Entries provided:
┌────────
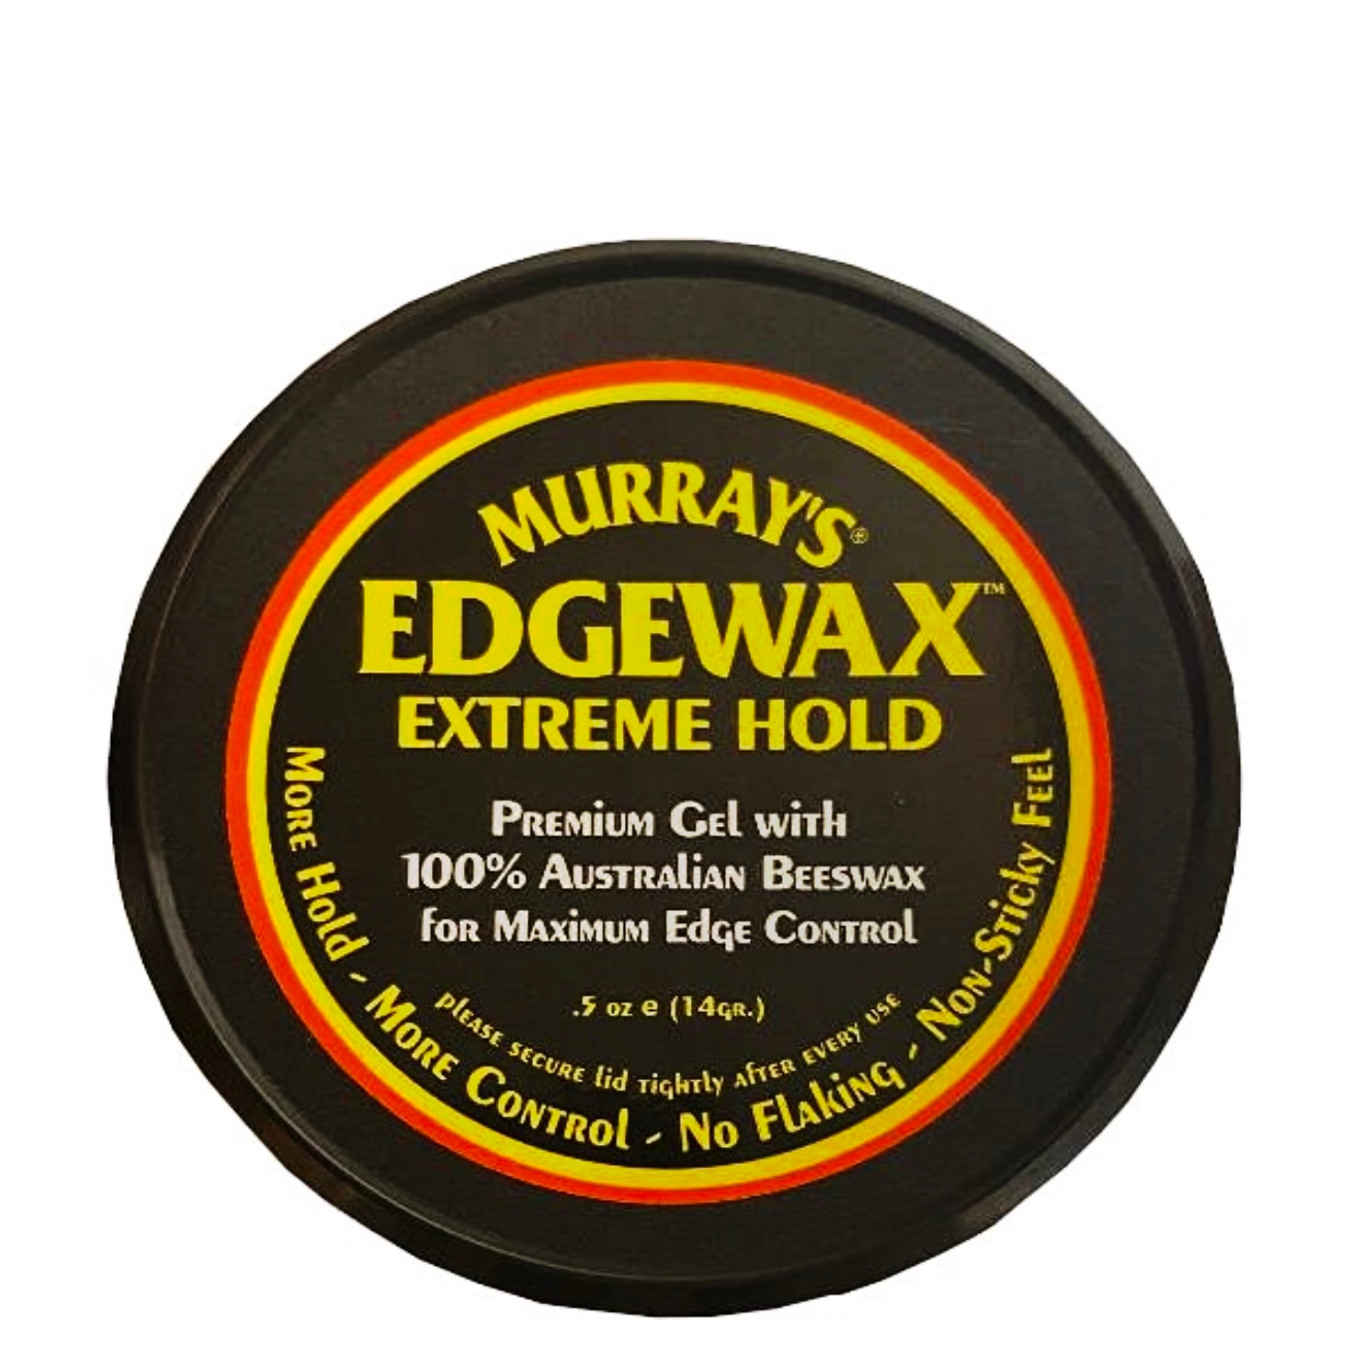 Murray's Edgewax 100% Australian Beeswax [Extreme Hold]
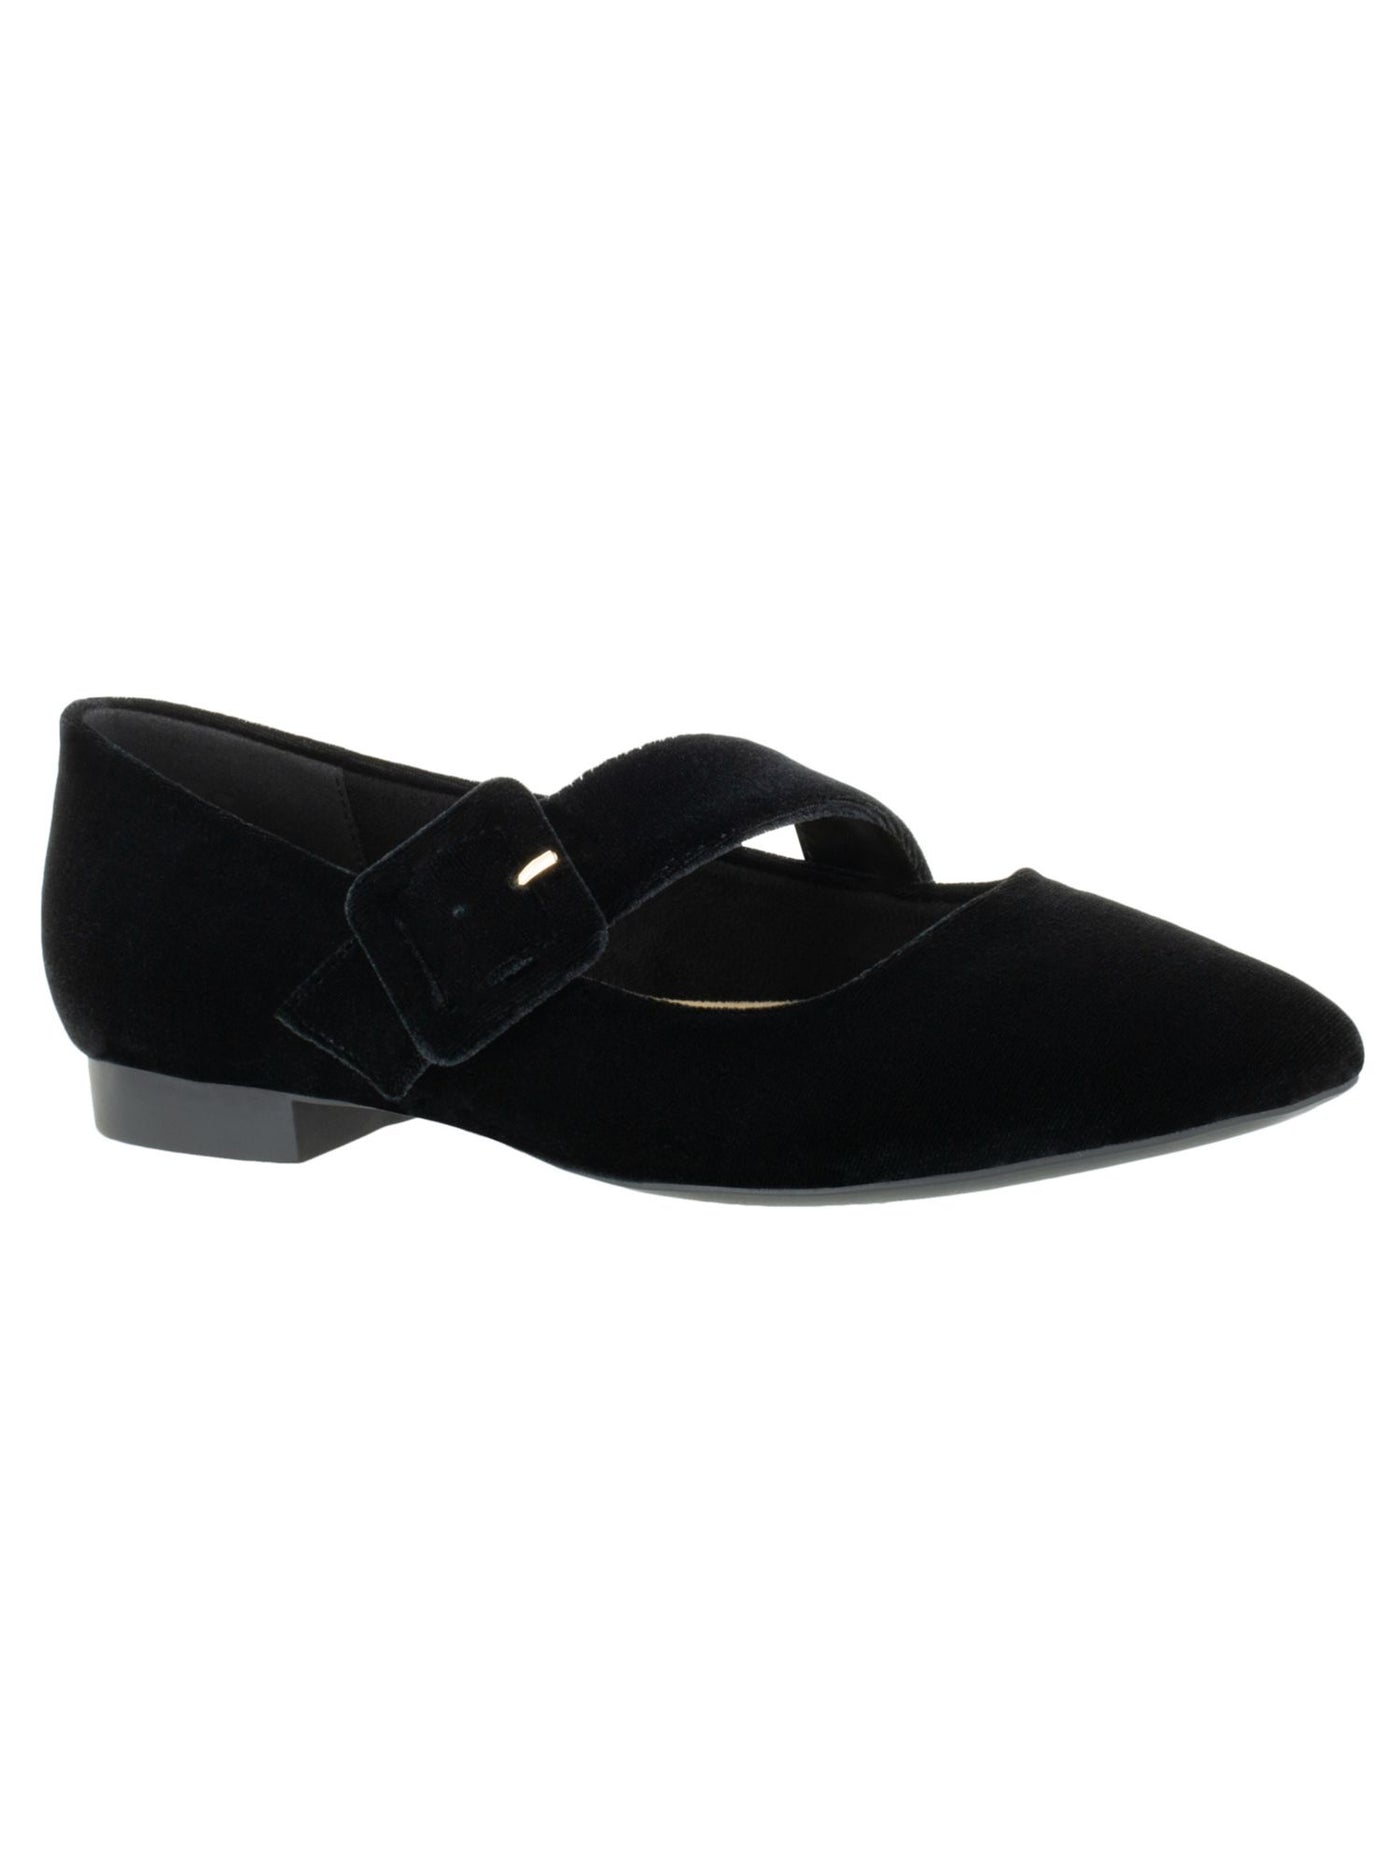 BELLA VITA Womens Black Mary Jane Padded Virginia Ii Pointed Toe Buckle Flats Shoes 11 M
└────────
┌────────
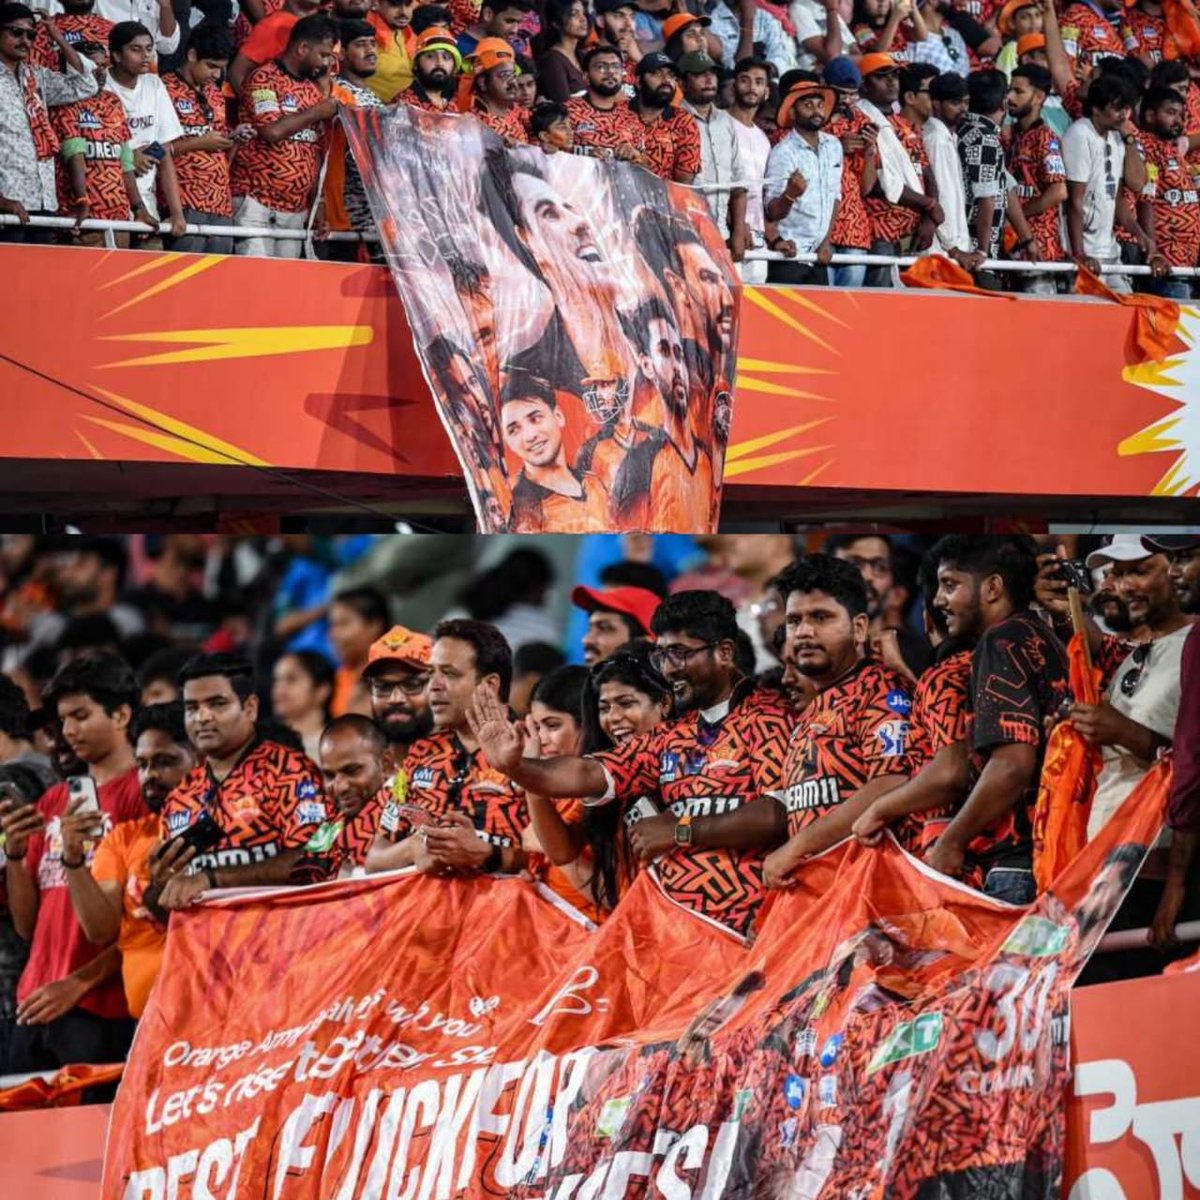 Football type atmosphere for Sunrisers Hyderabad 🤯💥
└────────
┌────────
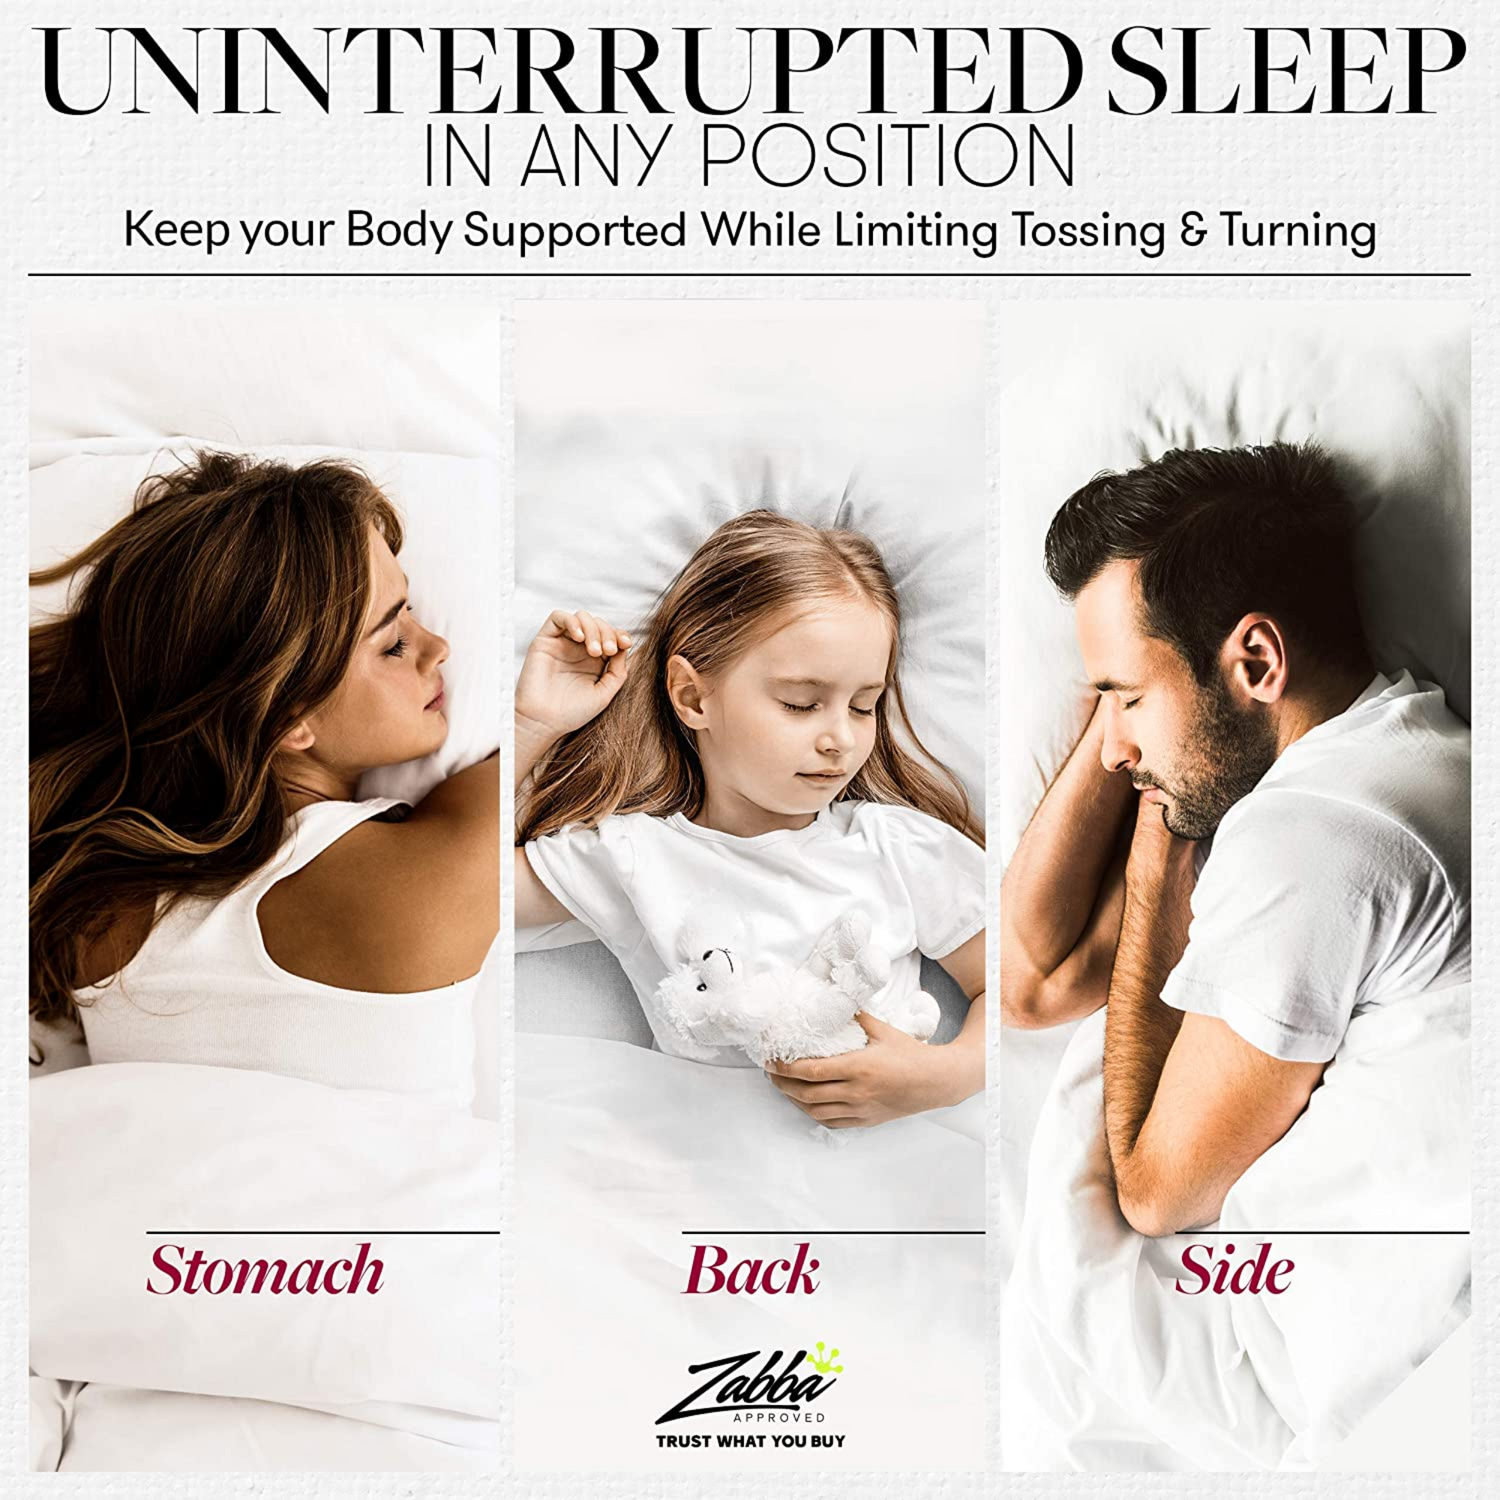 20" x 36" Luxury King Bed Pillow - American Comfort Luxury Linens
└────────
Assignment:
In the listing above, find the line containing "Murray's Edgewax 100%" and the line containing "BELLA VITA Womens". Print those two lines and every line between them exactly, with no pictures.

Worked solution:
 Murray's Edgewax 100% Australian Beeswax [Extreme Hold]
 BELLA VITA Womens Black Mary Jane Padded Virginia Ii Pointed Toe Buckle Flats Shoes 11 M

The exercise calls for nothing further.